Possible bug saxonb 9-1-0-7 Java

Help
pvallone
2010-09-16
2012-10-08
  • pvallone
    pvallone
    2010-09-16

    Hi, I have a recursive template and function that analyzes a string and if it
    meets certain conditions it makes the word title case. For example:

    "THE BOY AND THE MOON (BATM) car for to the END"

    would return:

    "The Boy And The Moon (BATM) Car for to The End"

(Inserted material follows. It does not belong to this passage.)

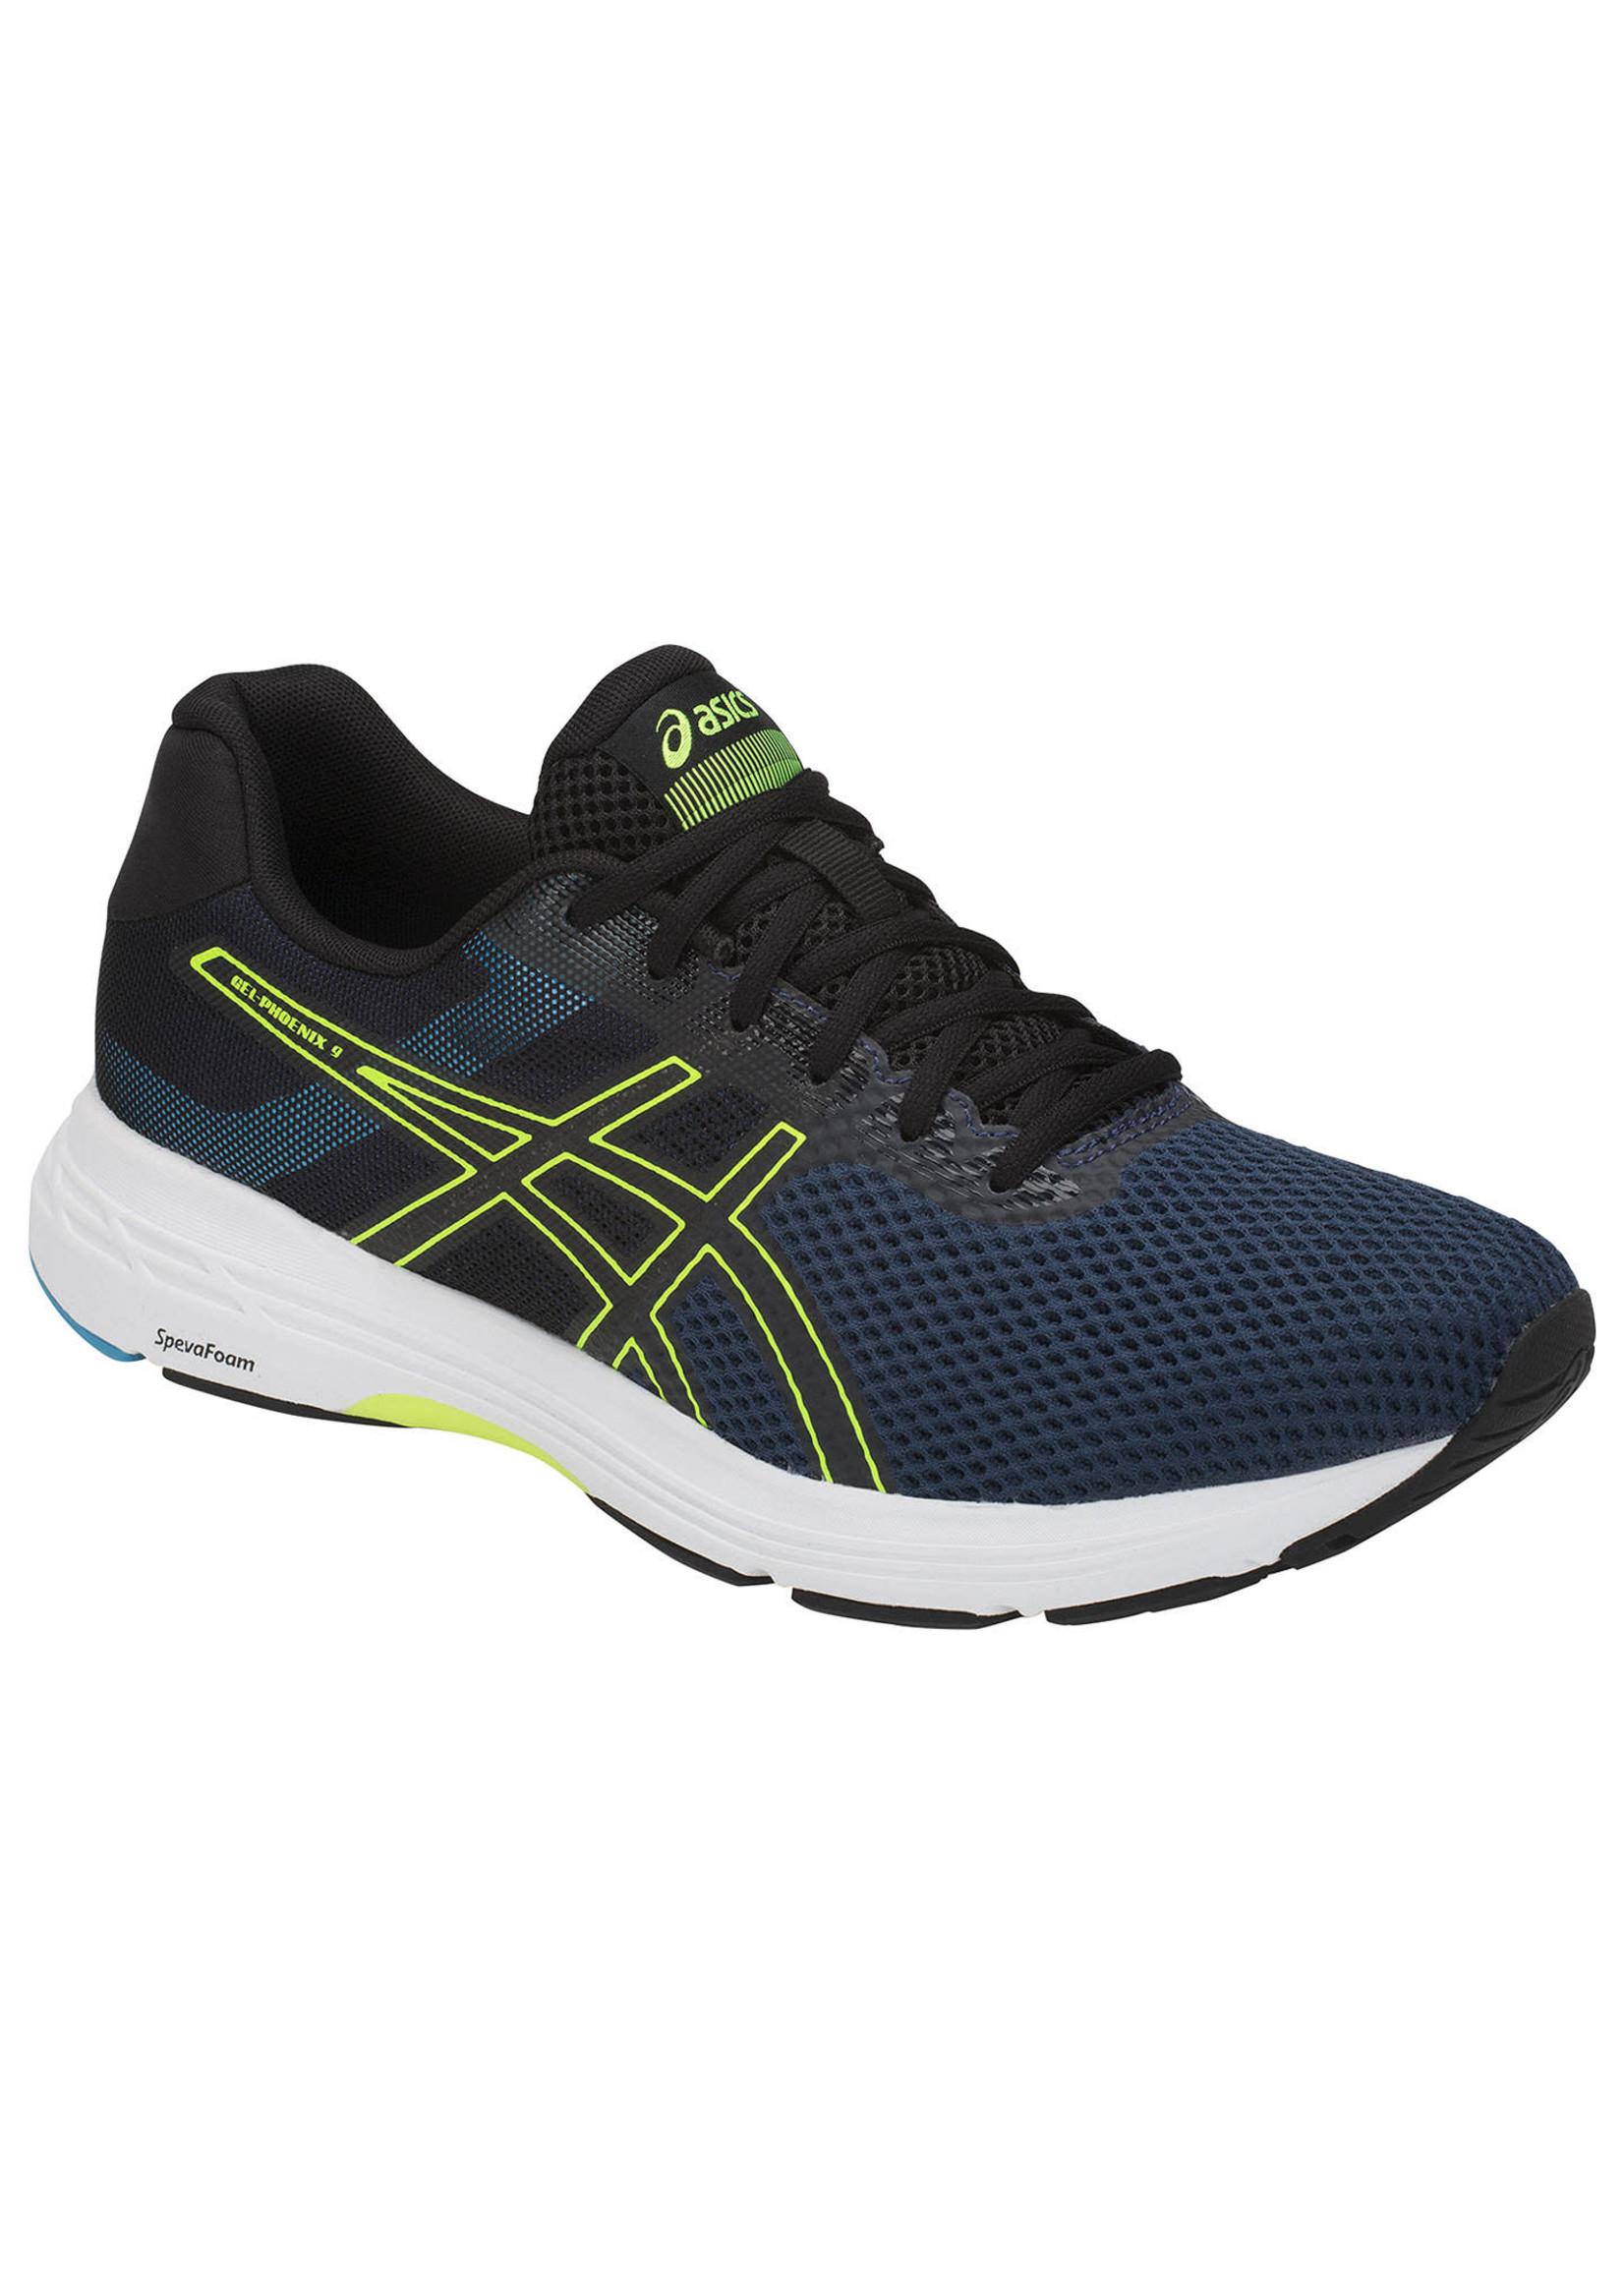 Asics Asics Gel Phoenix 9 Mens Running Shoe

    My Templates work in XMLSpy but return nothing in Saxon 9-1-0-7

    Here is my input:

    <?xml version="1.0" encoding="UTF-8"?>
    <root>
        <data>THE BOY AND THE MOON (BATM) car for to the END</data>
    </root>
    

    Here is my XSLT:

    <?xml version="1.0" encoding="UTF-8"?>
    <xsl:stylesheet version="2.0" xmlns:xsl="[url]http://www.w3.org/1999/XSL/Transform[/url]" xmlns:xs="[url]http://www.w3.org/2001/XMLSchema[/url]" xmlns:fn="[url]http://www.w3.org/2005/xpath-functions[/url]" xmlns:mf="myfunct" exclude-result-prefixes="mf fn xs" >
        <xsl:output method="xml" version="1.0" encoding="UTF-8" indent="yes"/>
        <xsl:template match="/">
            <xsl:for-each select="/root/data">
                <return>
                    <xsl:call-template name="titlecase">
                        <xsl:with-param name="text" select="."/>
                    </xsl:call-template>
                </return>
            </xsl:for-each>
        </xsl:template>
        <xsl:template name="titlecase">
            <xsl:param name="text" as="xs:string"/>
            <xsl:for-each select="tokenize($text, '[\W\w+]')">
                <xsl:analyze-string select="." regex="([(][A-Z]+[)])">
                    <xsl:matching-substring>
                        <xsl:value-of select="."/>
                    </xsl:matching-substring>
                    <xsl:non-matching-substring>
                        <xsl:value-of select="replace(concat(mf:titlecase(., ('and', 'or', 'for', 'to')), ' '), '  ', ' ')"/>
                    </xsl:non-matching-substring>
                </xsl:analyze-string>
            </xsl:for-each>
        </xsl:template>
        <xsl:function name="mf:titlecase" as="xs:string">
            <xsl:param name="text" as="xs:string"/>
            <xsl:param name="ignore-list" as="xs:string*"/>
            <xsl:value-of>
                <xsl:analyze-string select="$text" regex="\w+">
                    <xsl:matching-substring>
                        <xsl:analyze-string select="." regex="{string-join($ignore-list, '|')}">
                            <xsl:matching-substring>
                                <xsl:value-of select="."/>
                            </xsl:matching-substring>
                            <xsl:non-matching-substring>
                                <xsl:sequence select="concat(upper-case(substring(., 1, 1)), lower-case(substring(., 2)))"/>
                            </xsl:non-matching-substring>
                        </xsl:analyze-string>
                    </xsl:matching-substring>
                    <xsl:non-matching-substring>
                        <xsl:value-of select="."/>
                    </xsl:non-matching-substring>
                </xsl:analyze-string>
            </xsl:value-of>
        </xsl:function>
    </xsl:stylesheet>
    

    Thoughts?

     
  • pvallone
    pvallone
    2010-09-16

    After further investigating, I do not believe this to be a bug, but rather how
    each processor handles regex.
    When I changed the following regex, it worked.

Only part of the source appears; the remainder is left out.